:: Data block ::

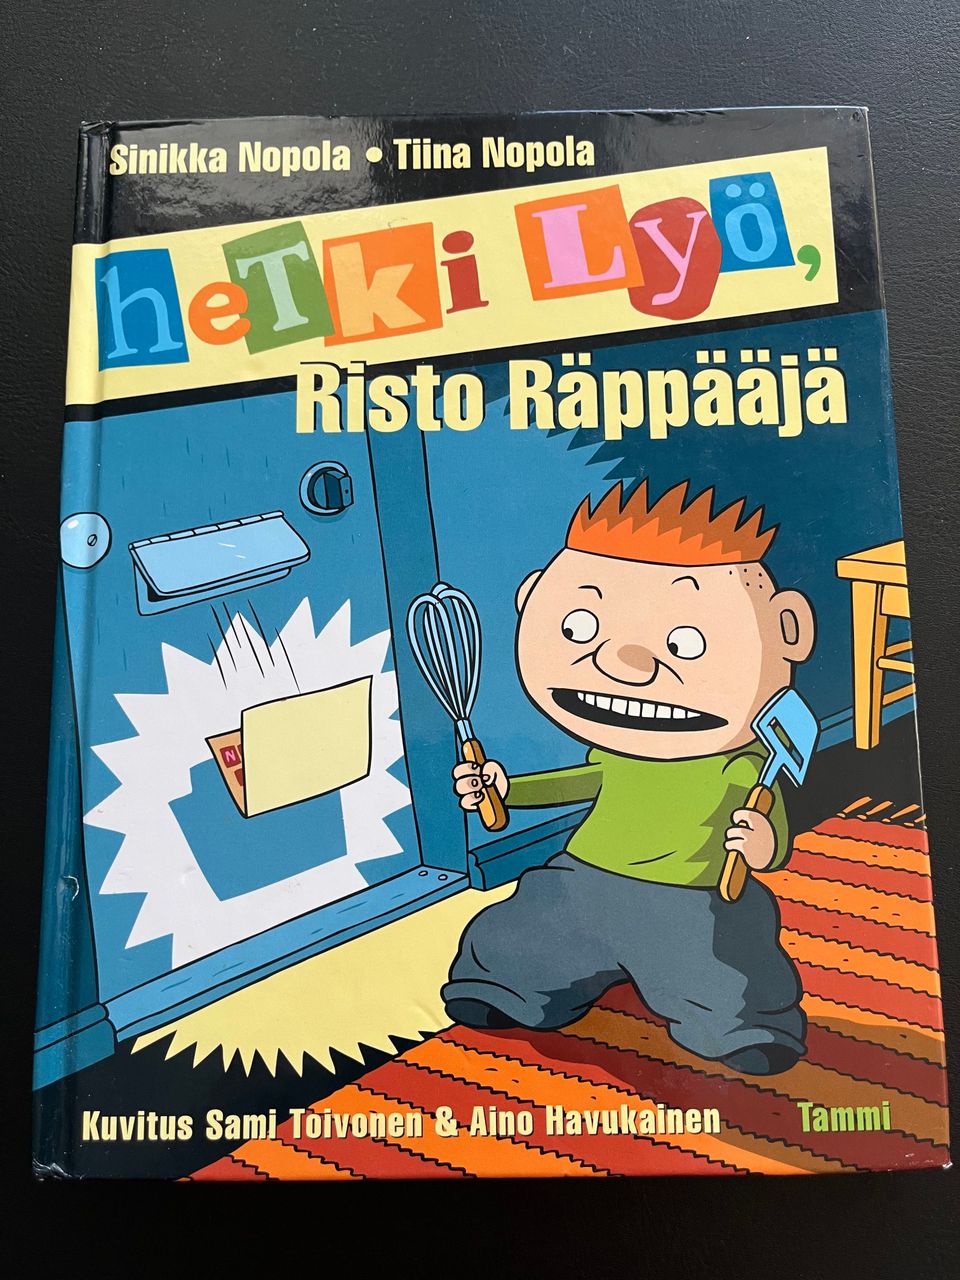 Hetki lyö, Risto Räppääjä
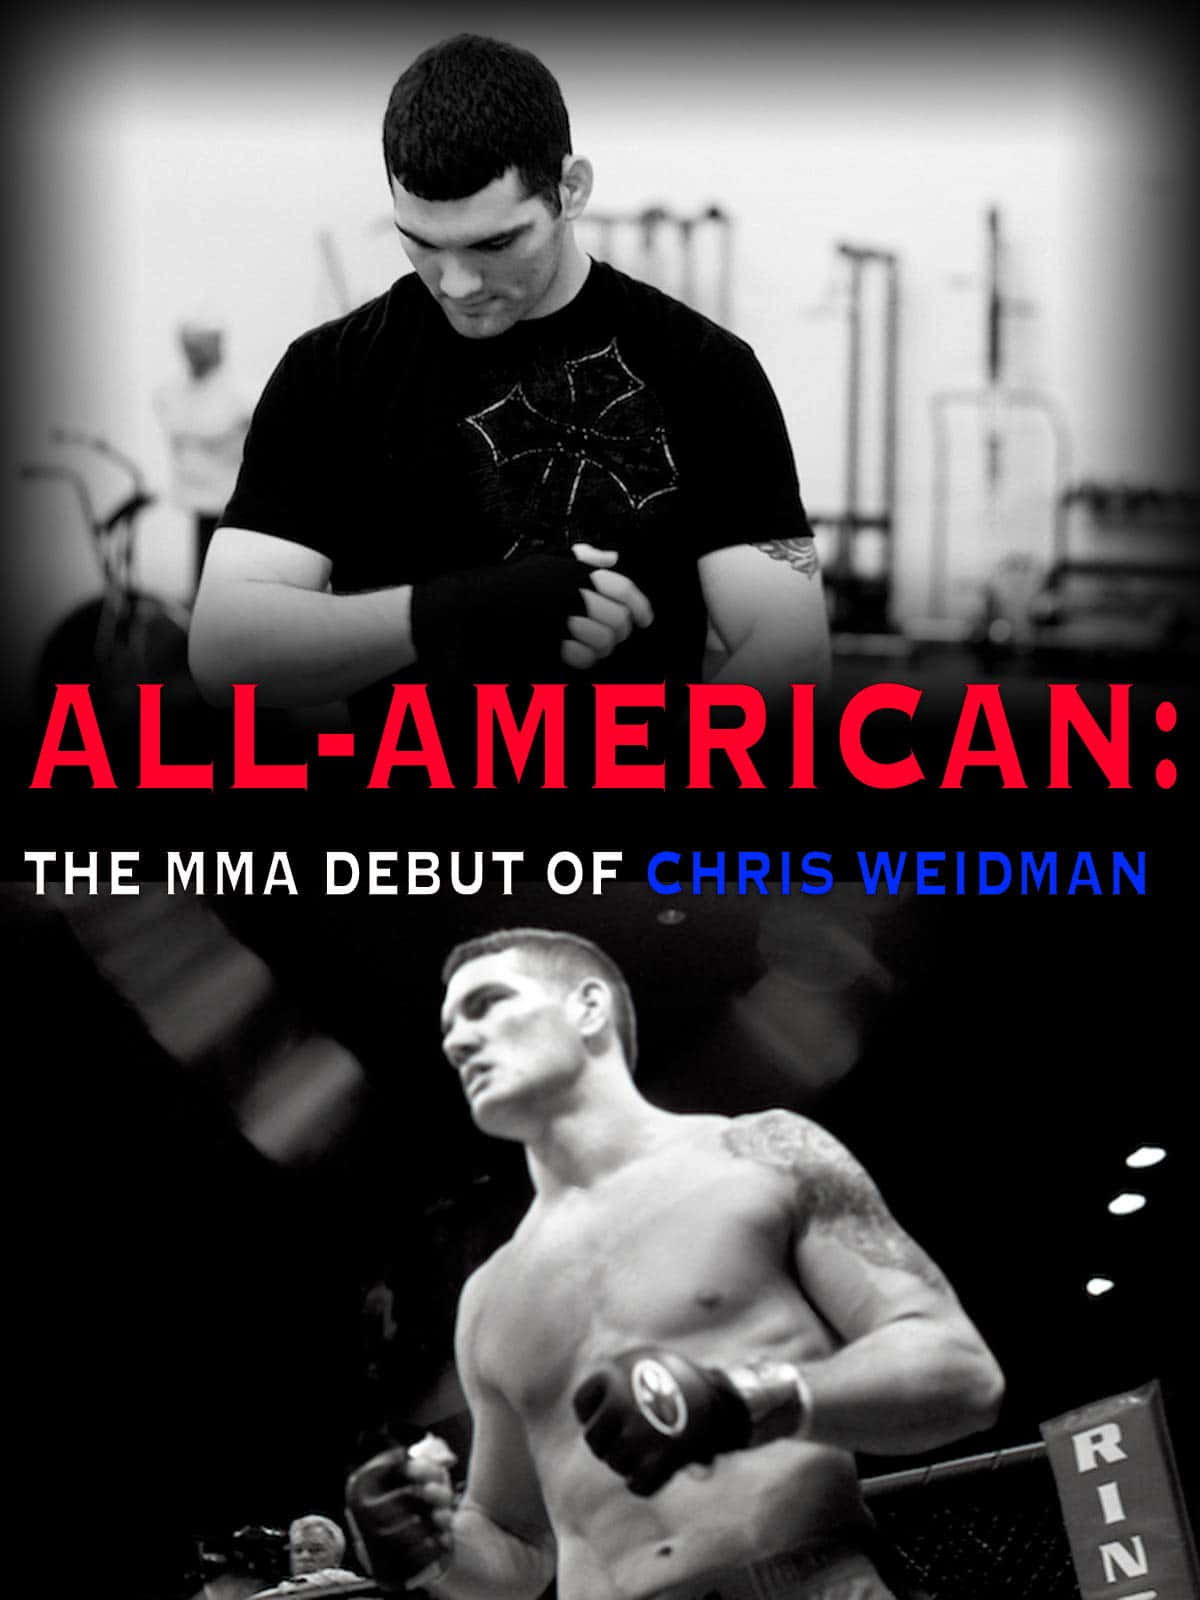 Tapet af Chris Weidman MMA debut: Se den legendariske UFC-mester Chris Weidman sin MMA-debut med dette fantastiske tapet! Wallpaper
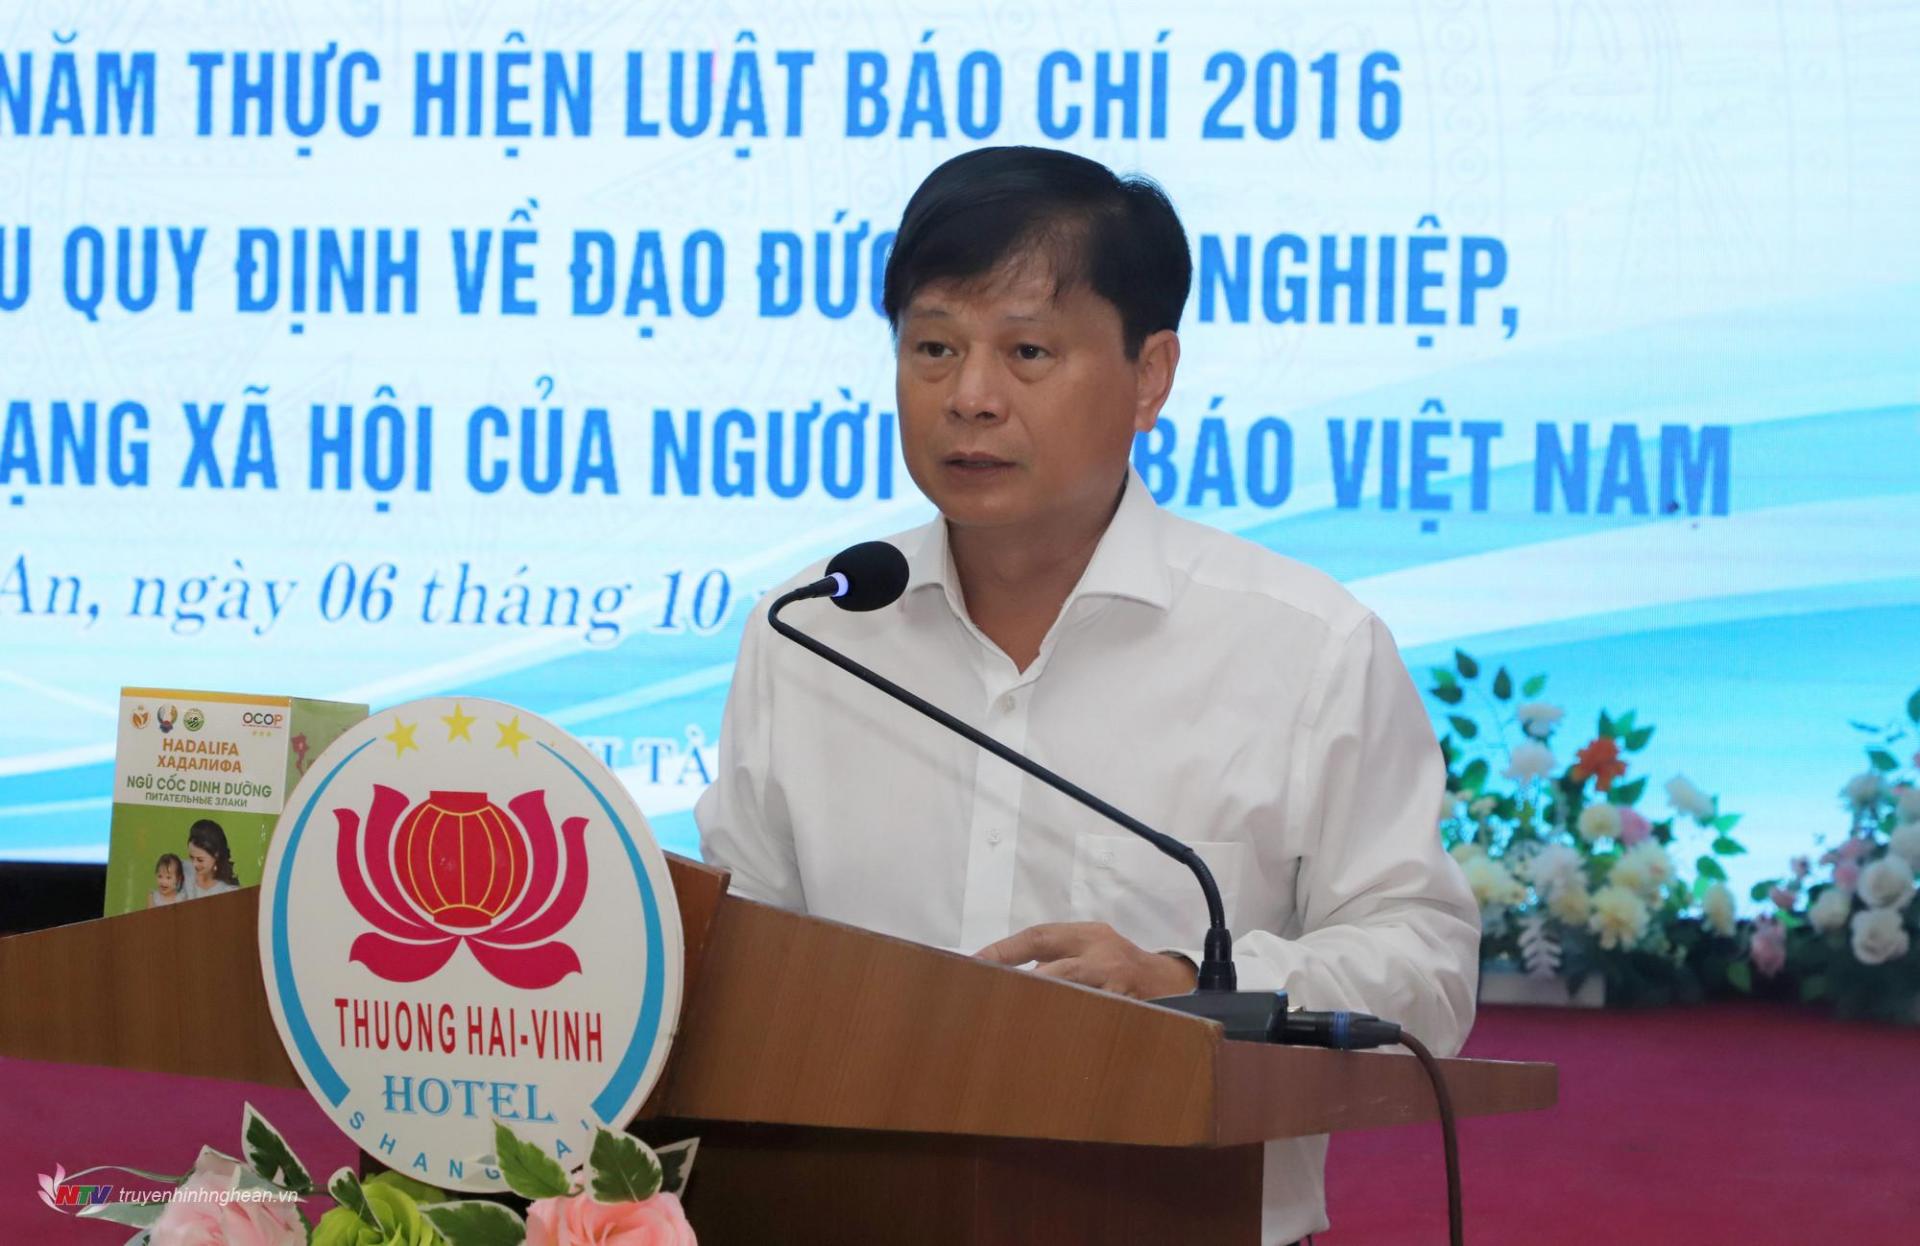 Đồng chí Trần Trọng Dũng, Phó Chủ tịch Hội Nhà báo Việt Nam phát biểu kết luận Hội nghị

:::

Retype the data above exactly; pictures are not part of the copy.

_Solution to the problem:_
 Hetki lyö, Risto Räppääjä
 Tapet af Chris Weidman MMA debut: Se den legendariske UFC-mester Chris Weidman sin MMA-debut med dette fantastiske tapet! Wallpaper
 Đồng chí Trần Trọng Dũng, Phó Chủ tịch Hội Nhà báo Việt Nam phát biểu kết luận Hội nghị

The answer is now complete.